The affidavit detailed the trespassing and housebreaking that took place, including the apprehension and torture of the suspects and the involvement of Presidential Protection Services head Major Wally Roode.

“The EFF calls upon Ramaphosa to step aside with immediate effect because no policeman will investigate a sitting president who has violated laws in order to avoid justice. Ramaphosa has established himself as an individual who will go to great lengths to avoid accountability and his continued stay as a president while this matter is being investigated will jeopardise this case.

“The EFF has also assembled a legal team which will be led by Advocate Thembeka Ngcukaitobi to look into a constitutional provision to have Ramaphosa step aside.

The integrity of our nation is at stake. The EFF will do everything in its power to make sure that Ramaphosa pays for the crimes he has committed in this country. Ramaphosa has portrayed himself as an anti-corruption crusader who has the divine right and entitlement to arrest anyone who is opposed to him as an individual and to the white capitalist establishment. Enough is enough!” said Malema.

Malema said it was bad for the country to have different rules and laws for different people.

“When Thandi Modise said she was not there when her pigs starved to death she was still arrested and charged. Today, we are not talking about animal rights, but human rights of people who were tortured in the house of the president through the instruction of the president,” said Malema, answering media questions.

Malema said Ramaphosa could not open a case because millions of dollars were kept in mattresses and couches at the Phala Phala farm.

“There is no bodyguard in South Africa who can enter the house of a president and torture suspects. Bodyguards do not enter the house, they stay outside. They only come in due to invitation. They cannot torture a domestic worker without instruction from the president.

“The president took an oath to protect the Constitution. Why did the president not release a statement? He has to take South Africans into confidence. They want to conceal this crime because there are proceeds of crime. Kunesandla semfene.
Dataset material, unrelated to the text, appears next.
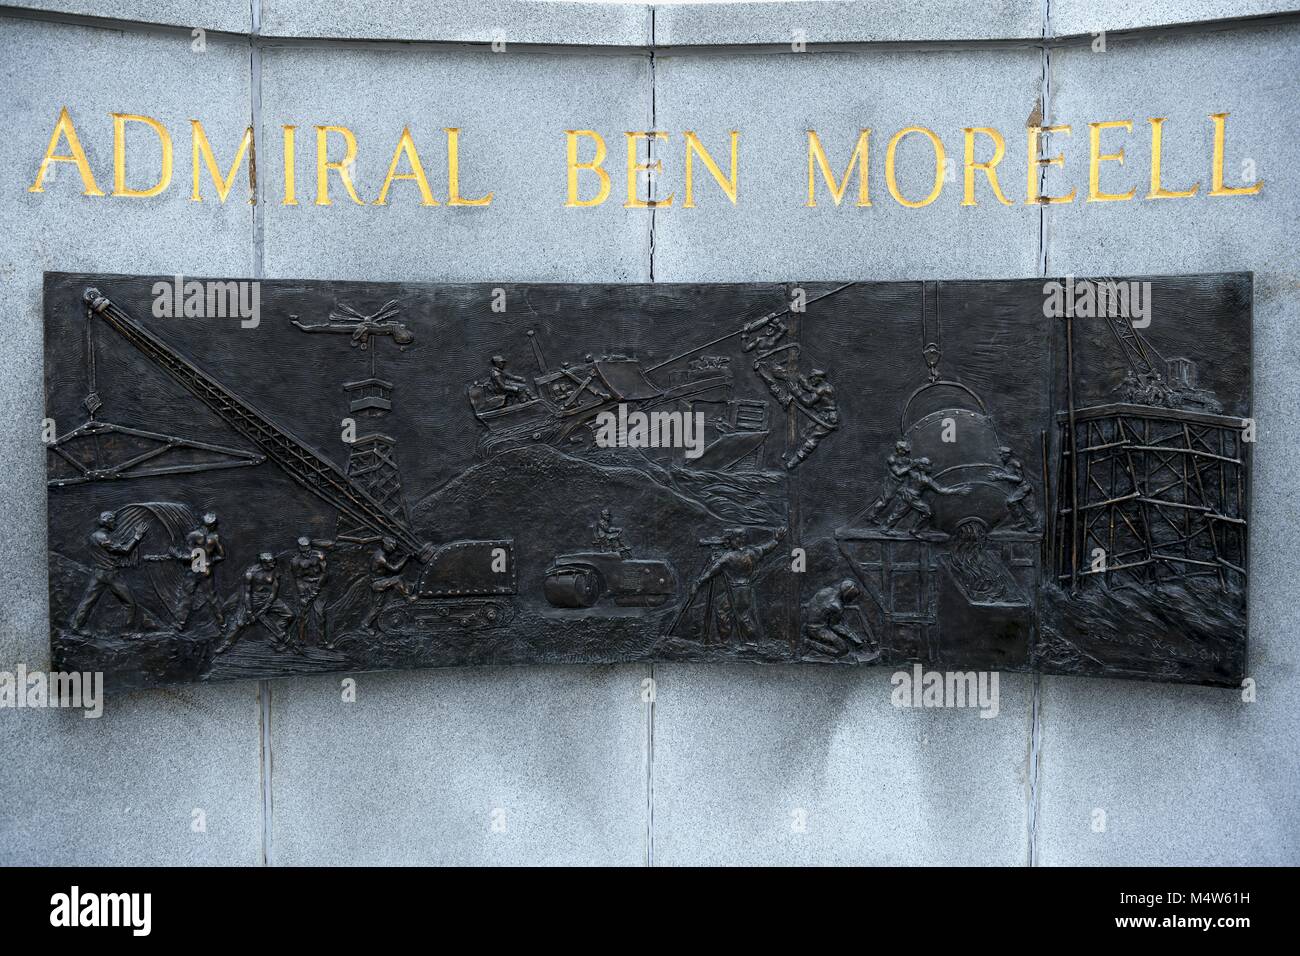 Admiral Ben Moreell "il padre di Seabees' statua presso l'Accademia Navale degli Stati Uniti, Annapolis, MD, Stati Uniti d'America Foto Stock

There is something going on there that we need to get to the bottom of,” he said.

The EFF leader also issued a strong warning to those who want to paint Fraser as a factionalist instead of a whistleblower.

“I want to warn the president. There is more. There is more where money in dollars is counted in a plane. Let them continue to push Fraser. There is more.

Malema took issue with one media house following questions that were unrelated to the Ramaphosa issue.

The EFF leader warned that media houses that kept protecting Ramaphosa face being sanctioned by the political party in future.

“The arrest of the Guptas might just be a diversion. The State wrote its own letter and put its own bullet to claim there are threats against the director general. When the public did not buy that story then they now say the Guptas have been arrested,” said Malema.